Based on the aforementioned, although the role of Notch signals and oxidative stress in various diseases has attracted much attention from researchers in recent years [16], the roles of the Notch channel and oxidative stress during PBL development into pulmonary fibrosis have not been clarified. In addition, the interaction between the Notch pathway and oxidative stress in PBL has yet to be determined.
In our previous study, we enrolled 20 fibrotic PBL patients and 20 healthy controls, and the results showed that both the Notch signaling pathway and the fibrosis marker α-SMA were highly expressed; the correlation analysis showed a significant positive correlation between them (r = 0.898, P < 0.05) [17], which indicated that the Notch pathway was closely associated with the development of pulmonary fibrosis. In this study, we moved further to preliminarily explore the mechanism underlying the participation of oxidative stress and Notch signaling in PBL pulmonary fibrosis. To achieve this goal, we first established a rat model from PBL progression to fibrosis-type PBL with the freeze-dried allergen powder made from pigeon shedding [17]. By intervening in the Notch signaling pathway, we observed how rat lung tissue pathologically changed and how the markers of the Notch signaling pathway and oxidative stress were expressed. Then, we established an in vitro cytological model of PBL. After intervening in the Notch pathway in cells, we observed oxidative stress in the model to verify the mechanism whereby the Notch pathway participated in pulmonary fibrosis development by regulating oxidative stress.

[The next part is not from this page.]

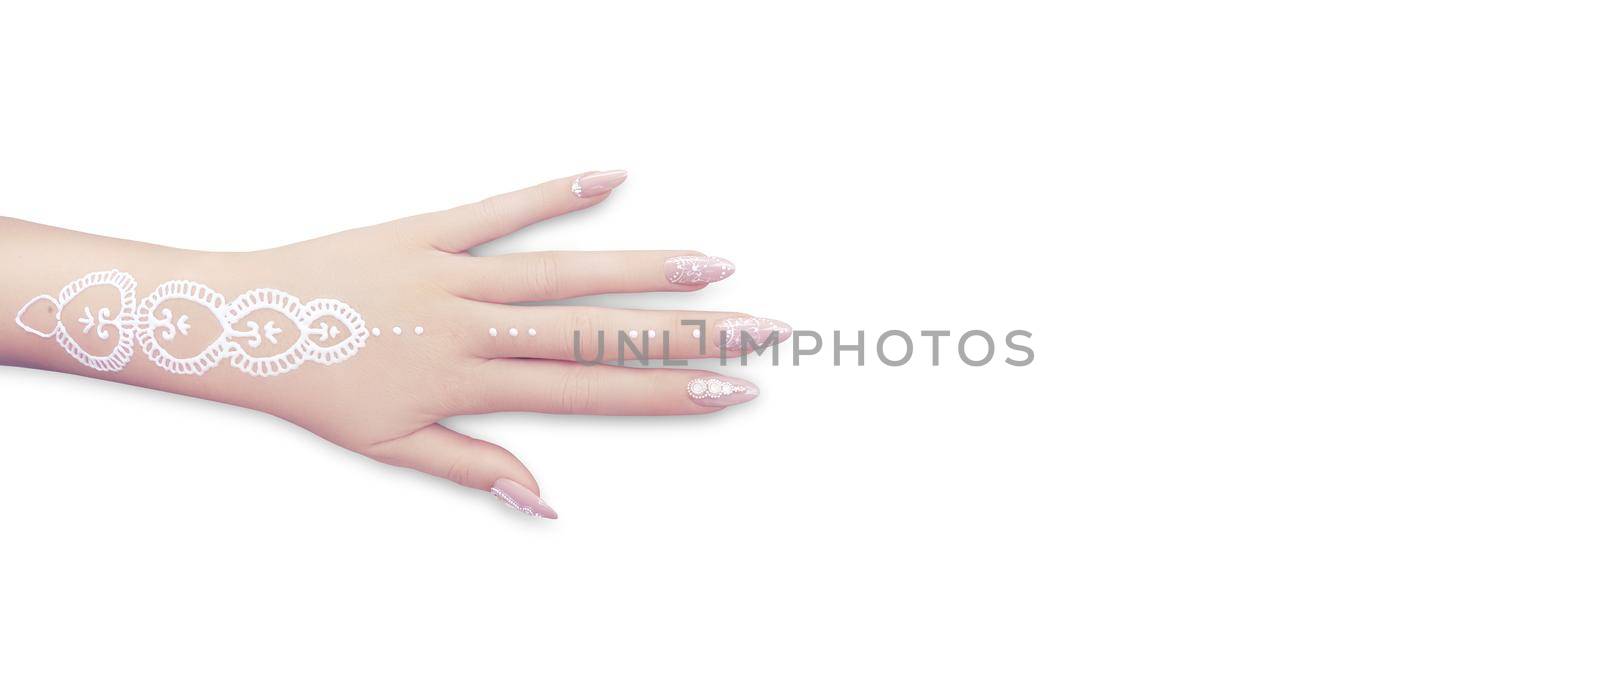 Nail polish trends. Woman with stylish manicure.

The findings of this study might offer a new theoretical reference to the prevention and treatment of fibrotic PBL.
2. Materials and Methods
2.1. Animals
2.1.1. Animals
The healthy clean-grade Sprague Dawley (SD) rats involved in this study were of either sex (Xipur-Bikai, Shanghai, China; license no., SCXK (Hu) 2018-0006). The rats weighed 180 g to 200 g and were aged 6 w to 8 w. T.
All experiments were performed in rigorous accordance with relevant regulations on experimental animals, and this study gained ethical approval from People’s Hospital of Xinjiang Uygur Autonomous Region (KY201803715).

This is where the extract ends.